12. Miscellaneous Terms

  • Complete Agreement. This Agreement constitutes the entire agreement between you and Intouch relating to your use of, and access to, this Site and supersedes any prior or contemporaneous agreements or representations.  This Agreement may not be amended except as set forth in Section 1 of this Agreement.
  • If any portion of this Agreement is ruled invalid or otherwise unenforceable, it shall be deemed amended in order to achieve as closely as possible the same effect as originally drafted.  Any invalid or unenforceable portion should be construed as narrowly as possible in order to give effect to as much of the Agreement as possible. Where there is a conflict between the terms in a Specific Agreement and the terms in this Agreement, the conflicting terms in Specific Agreement shall take precedence.
  • Descriptive headings contained in this Agreement are for convenience only and shall not control or affect the meaning or construction of any of this Agreement.
  • No Waivers. Our failure to enforce or exercise any provision of this Agreement or related right will not constitute a waiver of that right or provision.

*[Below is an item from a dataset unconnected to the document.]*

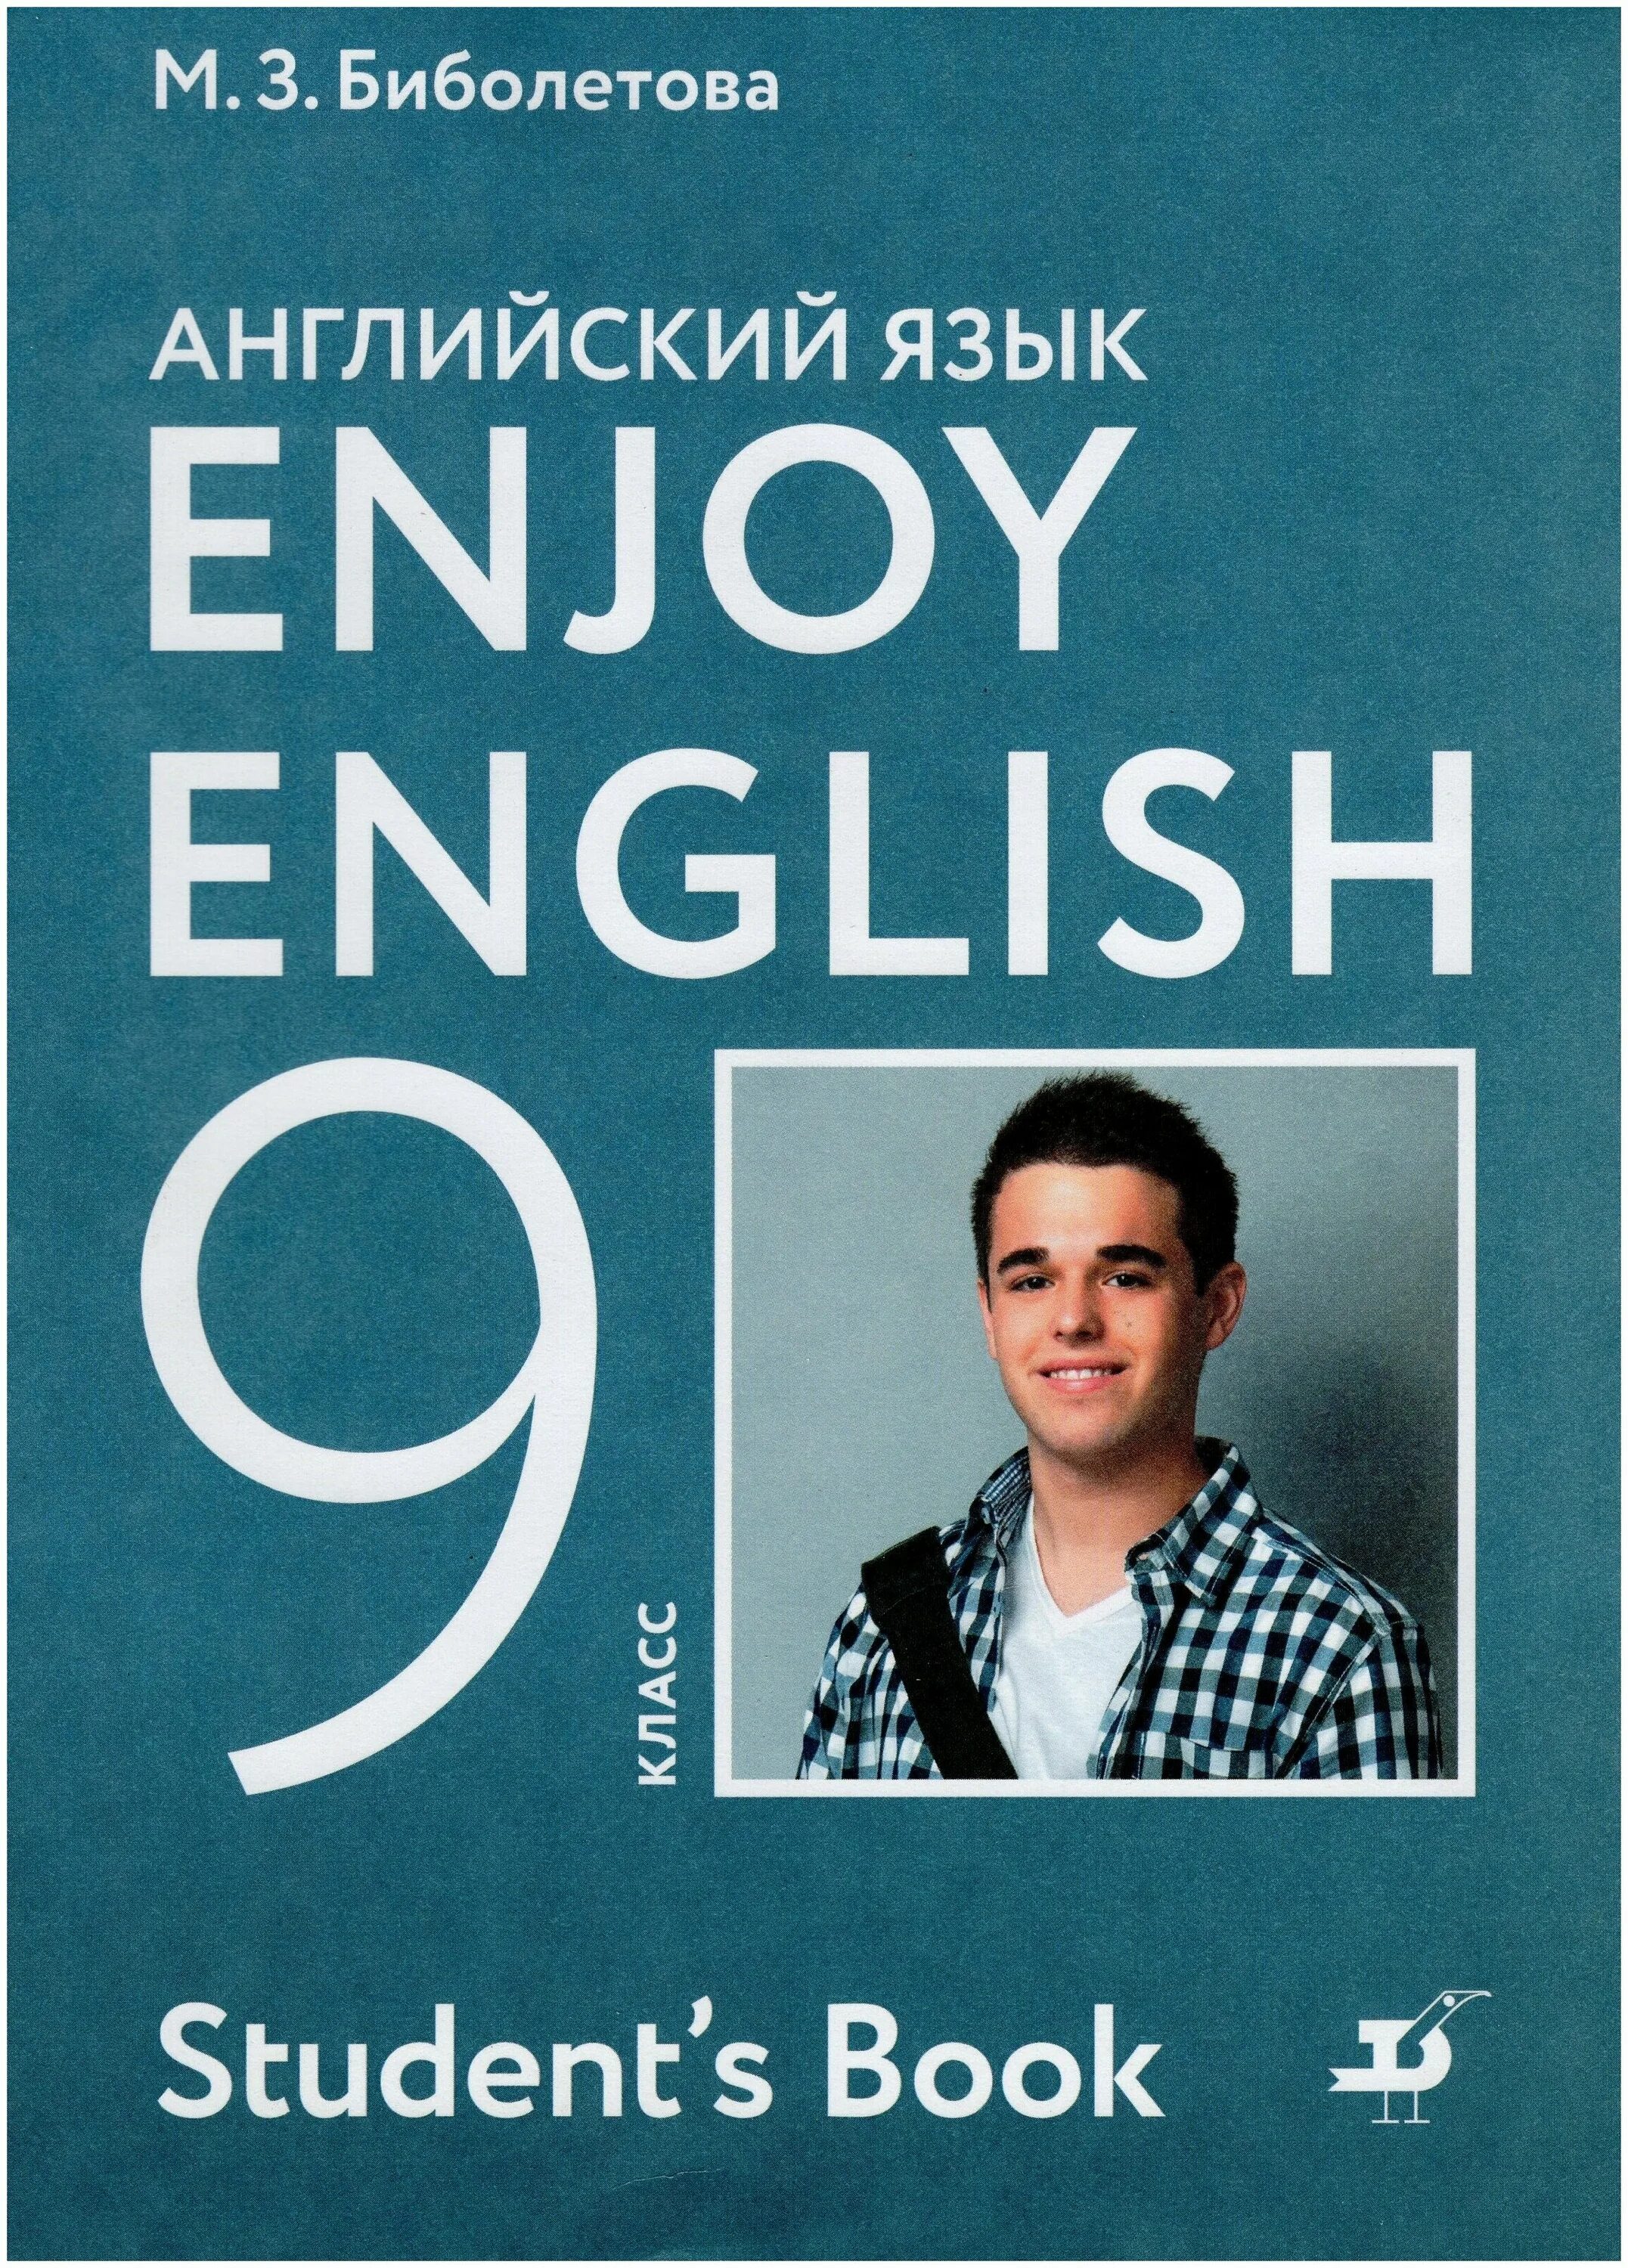 Английский 9 класс. Учебник английского языка 9 класс. Учебник enjoy English 9. Enjoy English 9 класс учебник биболетова. Английский язык учебник Биболетовой 9 кл.
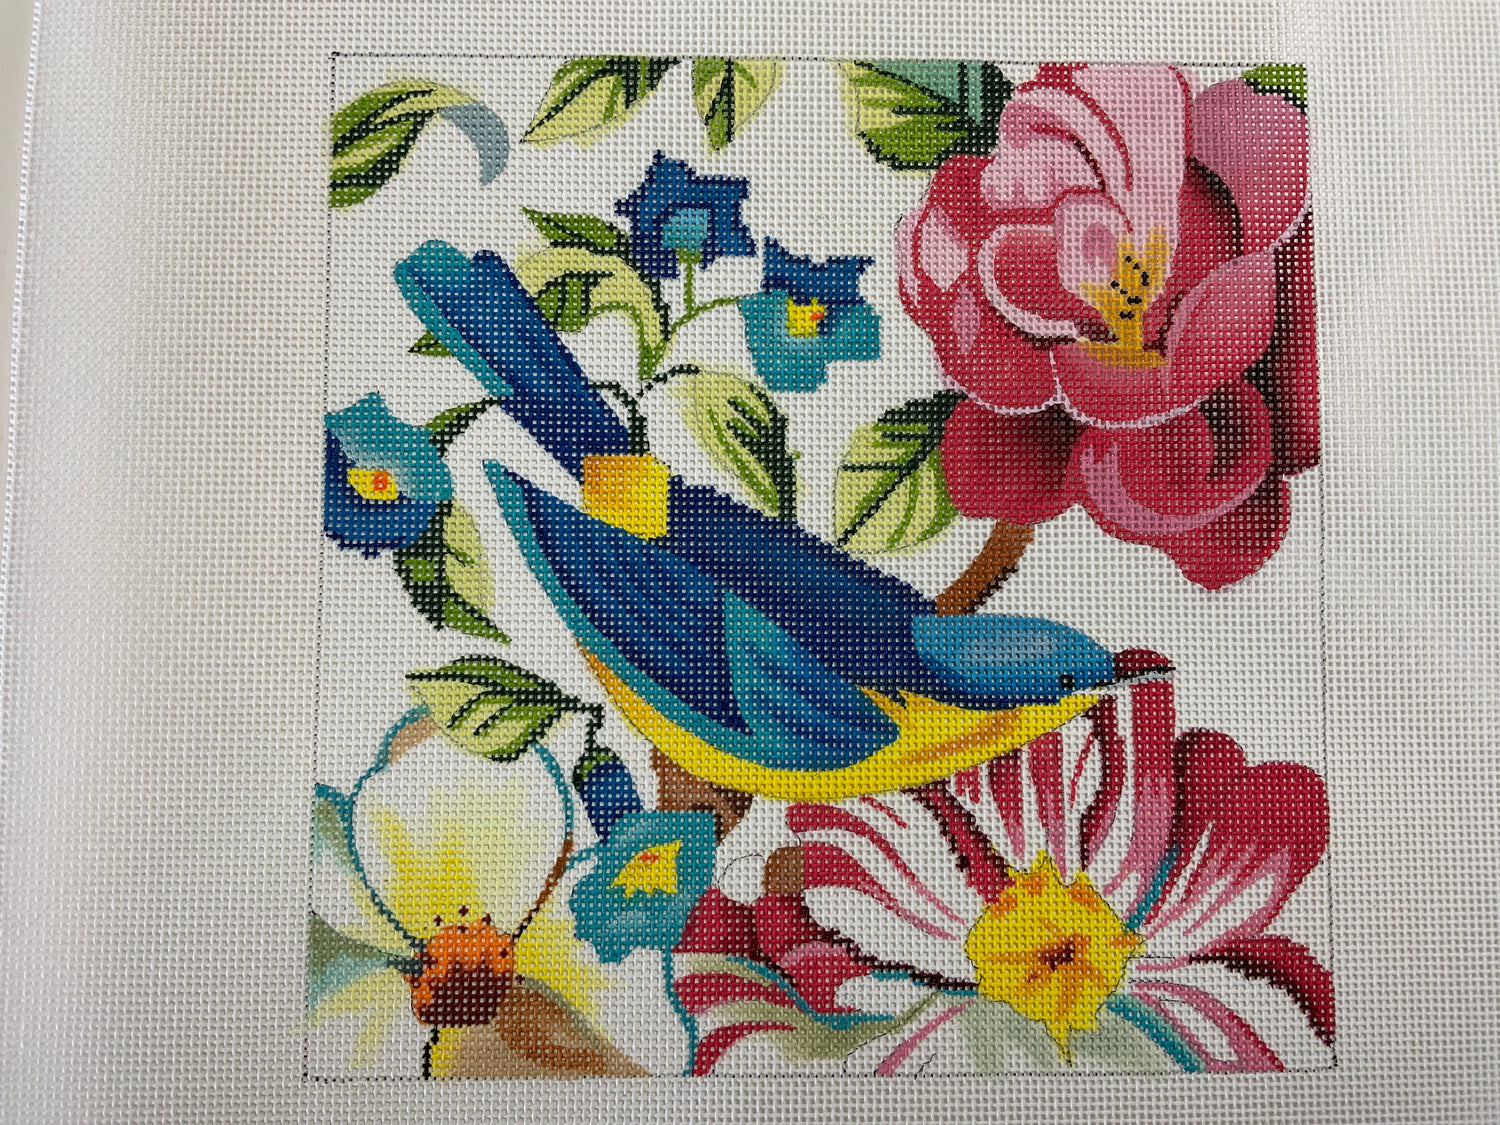 Floral with Blue Bird Needlecraft Canvas

  • No Assignments and Transfers. No rights or obligations under this Agreement may be assigned or transferred by you, either voluntarily or by operation of law, without our express prior written consent and in our sole discretion.
  • Language of the Agreement. Although this Agreement may be translated into other languages, the English language version of this Agreement shall control in any dispute between the parties.
  • No Third Party Beneficiaries. Nothing in this Agreement will confer upon any person, other than the parties, any rights, remedies, obligations, or liabilities whatsoever.
  • You can provide any notices to us under this Agreement by e-mail or mail using the contact information provided in Section 13.  Unless you tell us otherwise, or the law requires otherwise, you agree to receive all communications from us by e-mail or through posting notices to your account. You are responsible for providing Intouch with up-to-date contact information, which you may do by updating your account information through the Site or by sending a message to us.  You agree that all communications that we send to you electronically satisfy any legal requirement that a communication be in writing. You may print the communications for your records.